Relations du travail

Santé et sécurité du travail

Accidents de travail et maladies professionnelles : CSST et assurance salaire

 

Régimes d’assurance en cas d’incapacité

Certains régimes d’assurance sont disponibles pour l’enseignante ou enseignant qui subit une blessure ou qui est atteint d’une maladie qui l’empêche de travailler : le régime privé d’assurance salaire de courte durée de l’employeur combiné au régime d’assurance salaire de longue durée de l’assureur, La Capitale, et le régime public de la Commission de la santé et de la sécurité du travail (CSST).

 

L’enseignante ou enseignant malade ou blessé peut recevoir des prestations d’assurance salaire, en vertu des dispositions nationales et du contrat d’assurance avec l’assureur, La Capitale, durant son incapacité.

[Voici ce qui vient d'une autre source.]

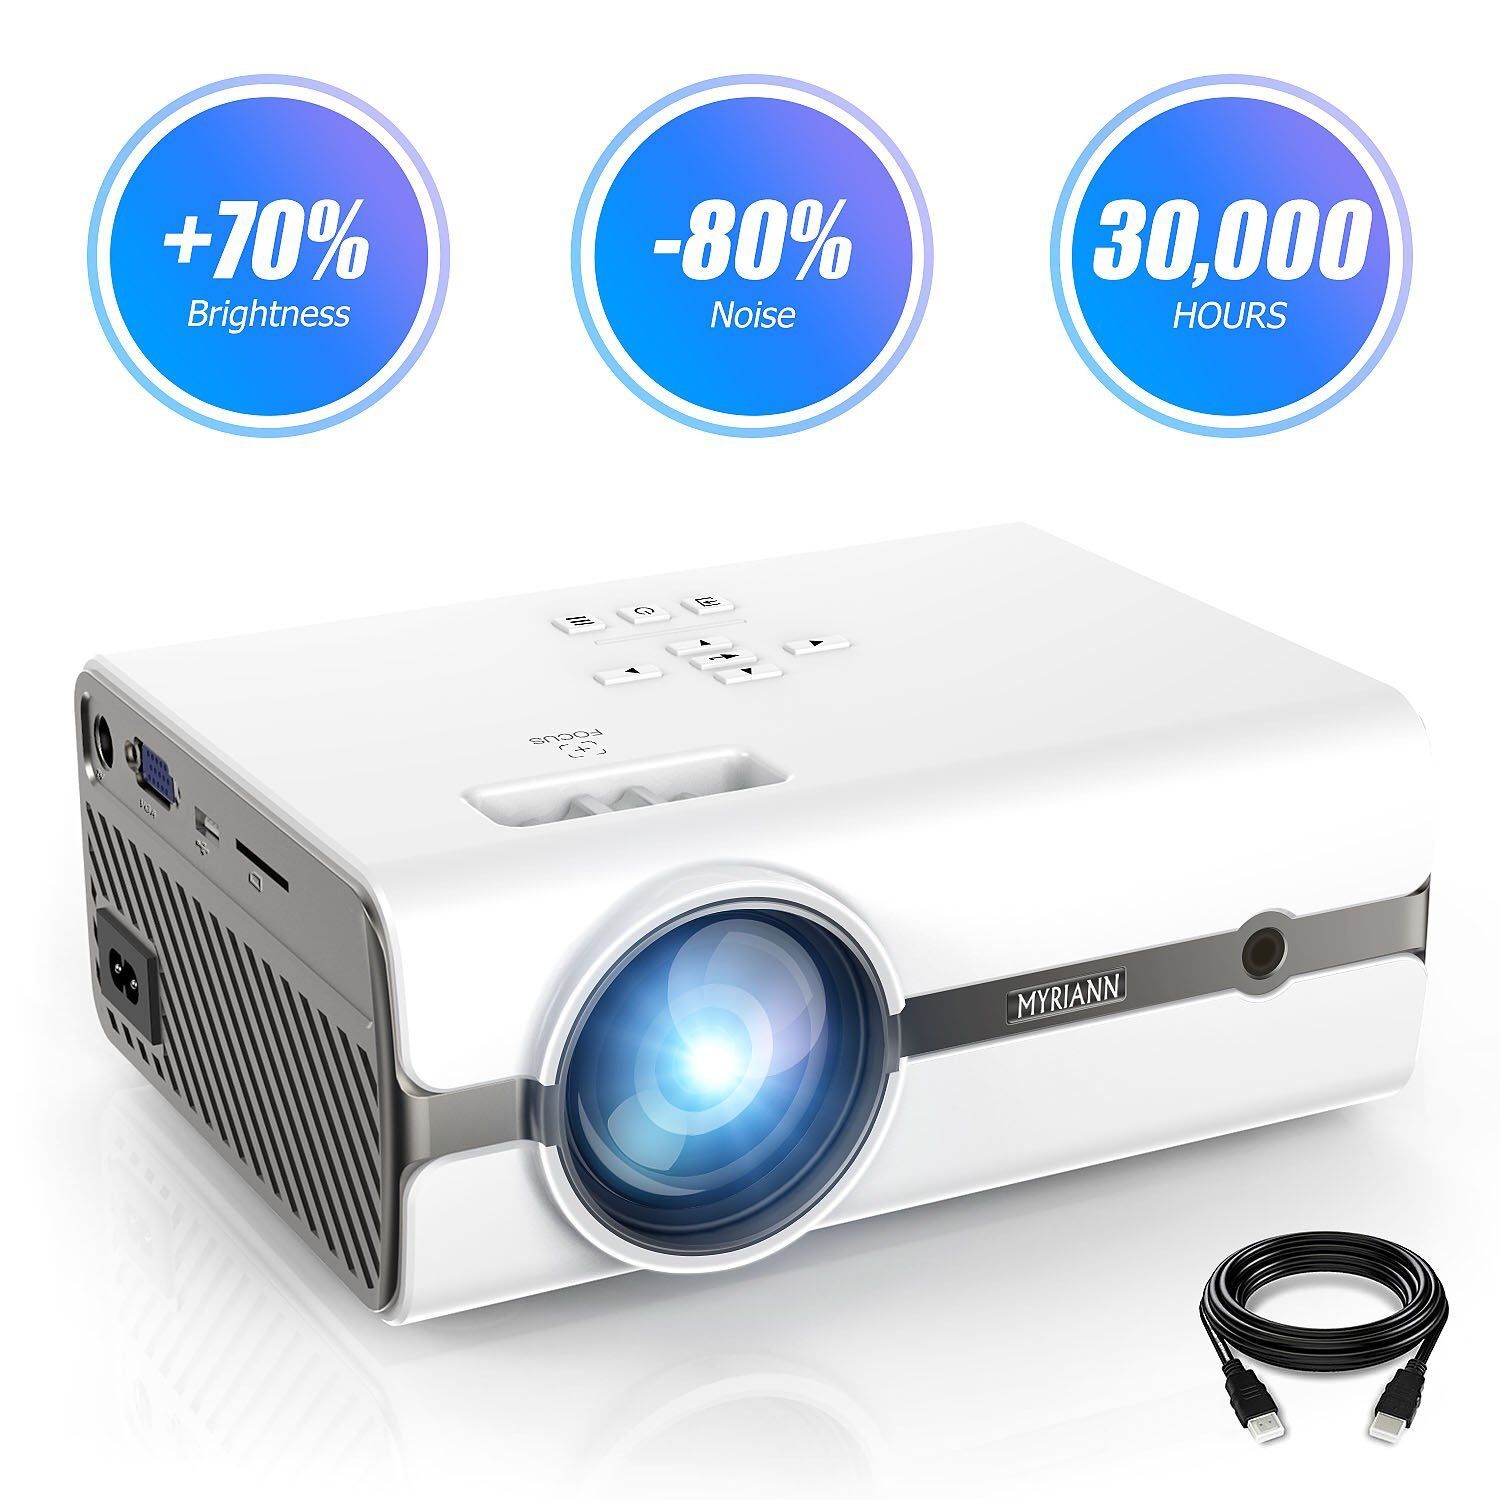 Projector, Myriann Portable Mini Multimedia Home Video LCD Projector Support 1080P for Home Theatre Support HD 1080P HDMI VGA AV USB Laptop iPhone/iP

Par contre, lorsque la blessure ou la maladie est attribuable à son travail ou qu’elle survient à l’occasion de son travail, l’enseignante ou enseignant peut également recevoir des prestations de la CSST qui devient alors le premier payeur.

 

Pour l’enseignante ou enseignant qui subit un accident de travail ou qui est atteint d’une maladie professionnelle, une réclamation à la CSST s’avère la démarche appropriée pour obtenir une indemnisation, étant donné les avantages prévus à la Loi sur les accidents du travail et les maladies professionnelles. Cette démarche ne fait pas obstacle à une éventuelle demande d’assurance salaire puisque les prestations versées par le régime public de la CSST et celles versées par le régime privé d’assurance salaire sont coordonnées pour éviter la double indemnisation.

 

 

Exemples de cas reconnus par la CSST

 

  • Dépression attribuée aux conditions de travail jugées anormales et empêchant la gestion adéquate de la classe.
  • Entorse du genou survenue lors d’une activité organisée par l’école.
  • Lésions du larynx, nodules ou polypes sur les cordes vocales attribués à du surmenage vocal et à de la poussière de craie.
  • Stress post-traumatique consécutif à des gestes d’agression posés par un élève.
  • Entorse lombaire causée par des exercices physiques effectués avec les élèves durant le cours d’éducation physique.

 

 

Financement

Le régime d’assurance salaire de courte durée (104 premières semaines) est financé par l’employeur. Celui de longue durée (à compter de la 104e semaine) est financé par les primes payées à La Capitale par les enseignantes et enseignants. Quant au régime de la CSST, organisme auquel le gouvernement du Québec a confié la gestion du régime public de santé et de sécurité du travail, il est également financé par les employeurs établis au Québec.

 

Prestation d’assurance salaire et indemnités de remplacement du revenu de la CSST

En vertu des dispositions nationales, l’enseignante ou enseignant utilise d’abord sa banque de congés de maladie. Après cinq jours ouvrables, la prestation versée par l’employeur correspond à 75 % de son traitement, jusqu’à concurrence de 52 semaines. Pour les 52 semaines suivantes, la prestation correspond à 66 ⅔ % de son traitement. Après 104 semaines, La Capitale verse 60 % du premier 20 000 $ de revenu brut annuel, 42,5 % des 40 000 $ suivants et 40 % de l’excédent.

 

Quant à la CSST, celle-ci verse 90 % du revenu annuel net à compter du quinzième jour suivant le début de l’incapacité. Le maximum assurable en 2010 est de 62 500 $. Les quatorze premiers jours sont payés par l’employeur. L’indemnité versée par la CSST est complétée par l’employeur pour garantir un traitement égal à celui que la personne recevrait, si elle était au travail.

 

La CSST accorde aussi des indemnités pour les séquelles permanentes, s’il y a lieu. Il s’agit d’un montant forfaitaire destiné à compenser l’atteinte à l’intégrité physique ou psychique, le préjudice esthétique ainsi que les douleurs et la perte de jouissance de la vie. En 2010, les indemnités varient entre 1000 $ et 95 000 $.